Embodied Subjectivity Workshop, Dublin 25-27 May 2010
'Husserl and the Body Politic', Timo Miettinen (University of Helsinki)
For the part of our Western philosophical tradition that has aimed at establishing a theory of community, the image of the human body has served as one of the most important points of departure. This tradition, often discussed under the heading of body politic, is still a decisive feature in our understanding of communities. In this presentation I wish to elucidate the Husserlian theory of community by examining its critical relation to the tradition of body politic. For even though Husserl’s analyses on “We-subjectivity” and “personality of a higher-order” drew heavily on his reflections on individual consciousness, especially in his texts of the 1930s he often accentuates the antithetical relation to the established tradition of body politic – especially the organic and naturalist implications that were inherent to the early twentieth-century crisis-debate. As I argue, despite Husserl’s insistence of interpreting communities as essentially “spiritual wholes” (eg. HuaVI: 320), he never abandoned the idea of collective corporeality. In his manuscripts on intersubjectivity, Husserl often accentuates the corporeal character of communities, attributing them a form of “collective bodily existence (kollektive Leiblichkeit)” (Hua39: 181), as well as spatial orientation (Hua14: 206). Thus by elucidating some of the central concepts of Husserl’s communal theory, I hope to enlighten his twofold relation to the Western tradition of body politic.
'Chronic pain in phenomenological-anthropological perspective', Katherine J. Morris (Mansfield College, Oxford University)
‘Chronic’ pain (as opposed to ‘acute’ pain, although the distinction is both vague and contestable and this is in itself important) has been seldom discussed by philosophers – be they analytic philosophers of mind or more phenomenologically oriented philosophers. It has, however, for a variety of reasons, become a significant research topic within medical anthropology. It raises epistemological, metaphysical and ethical issues that acute pain does not, e.g., ‘If there is a single experience shared by virtually all chronic pain patients it is that at some point those around them… come to question the authenticity of the patient’s experience of pain’ (A. Kleinman, 1988: The Illness Narratives. Suffering, Healing, and the Human Condition. New York: Basic Books, p. 57); again, 'Severe chronic pain... can so deeply affect the sufferer's existence as to erode personal identity' (J. E. Jackson, 2000: Camp Pain: Talking with Chronic Pain Patients, Philedelphia: University of Pennsylvania Press, p. 2). What I want to try to do here is to bring the medical anthropology literature on chronic pain into dialogue with phenomenology (Merleau-Ponty in particular) – or rather, since much of the medical anthropology literature on this topic is already relatively phenomenologically informed, to sharpen and deepen some of their formulations. Conversely, the phenomenological literature on pain and more generally on the phenomenology of the body might gain from a consideration of chronic pain as well as from the social and cultural perspectives that anthropology can bring to bear.
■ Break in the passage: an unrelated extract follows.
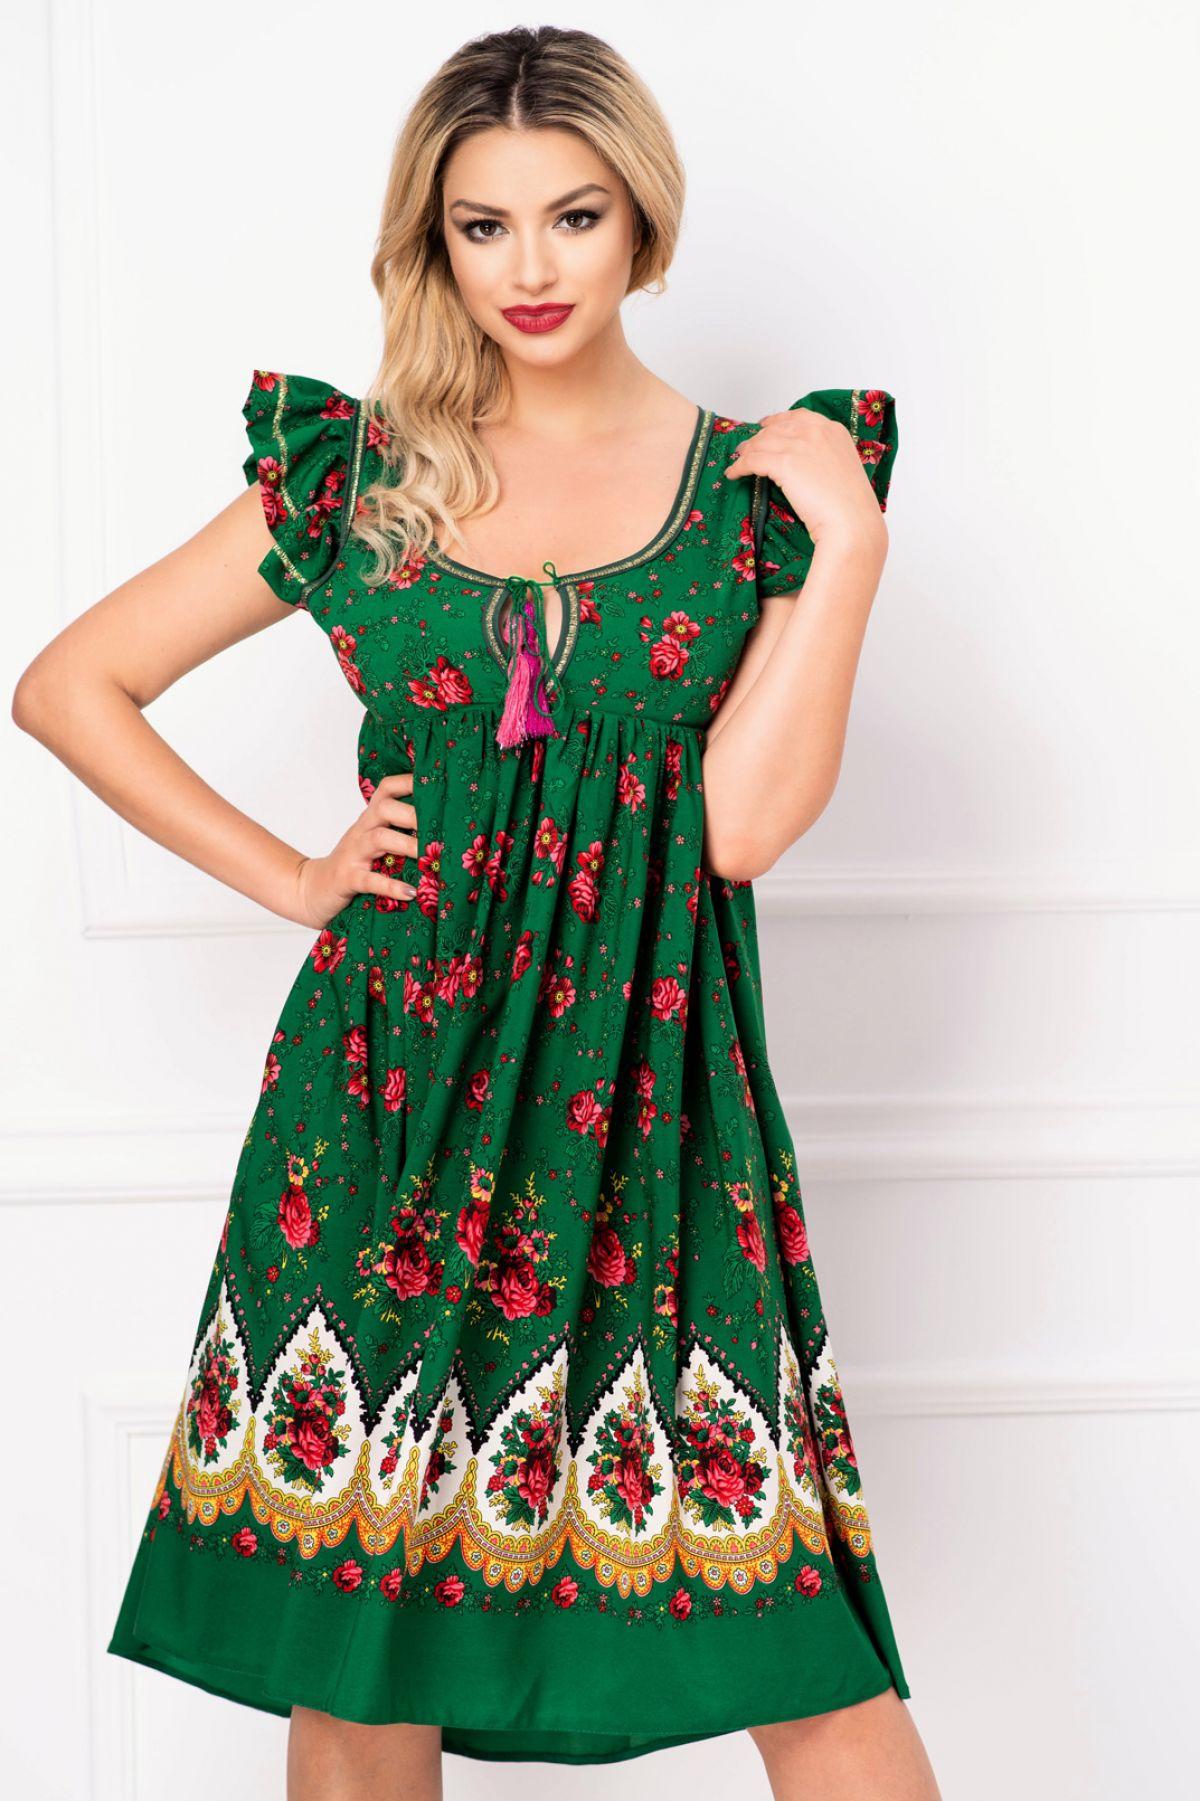 Rochie Venezia lejera verde cu decupaj la spate si imprimeu floral Venezia-Artigiano-Moda

Thus such a dialogue could be mutually illuminating.
'Husserl on the Second-level Sensibility: Dynamics of Activity and Passivity and the Embodiment of Spiritual Meaning', Simo Pulkkinen (University of Helsinki)
In this paper I will explicate Edmund Husserl’s notion of “second-level sensibility” and its roots in dynamical relationship of activity and passivity. By this explication I will clarify how Husserl can claim that the environing world, taken in its full experiential concretion, is never given as a world of “mere things” but rather always “embodies” various levels of “spiritual meaning” ranging from merely personal characteristics of familiarity to various culturally shared layers of meaning. By employing the notion of “embodiment” when speaking of spiritual meaning, Husserl wants to stress that this broadly speaking subjective meaningfulness is in no way a mere separate or subsequent clothing given to otherwise meaningless material things. Rather it forms an intimate and seamless unity with the material reality: in our everyday dealings with the world we are faced with a reality that as such embodies various levels of subjective meaning. Husserl also claims that we don’t have to exercise any kind of conscious activity in order to come to terms with these higher levels of meaning but that they are rather something simply and straightforwardly perceived – and for the most part even passively pregiven before any such activity could take place. This idea nevertheless seems to become problematic when compared with Husserl’s own recurring conviction that all such meaning has to have a subjective and active constitution: only the sensible characteristics of the environment can be received purely passively through the senses while all other meaning has to be somehow actively conceived and formed by the subjectivity. In this paper I will show how Husserl solves this seeming problem by reworking the distinction of “active meaning-formation” and “passive pregivenness of content” and by developing the notion of “second-level sensibility” that reveals the reciprocal and dynamical relationship of these seemingly separate dimensions activity and passivity.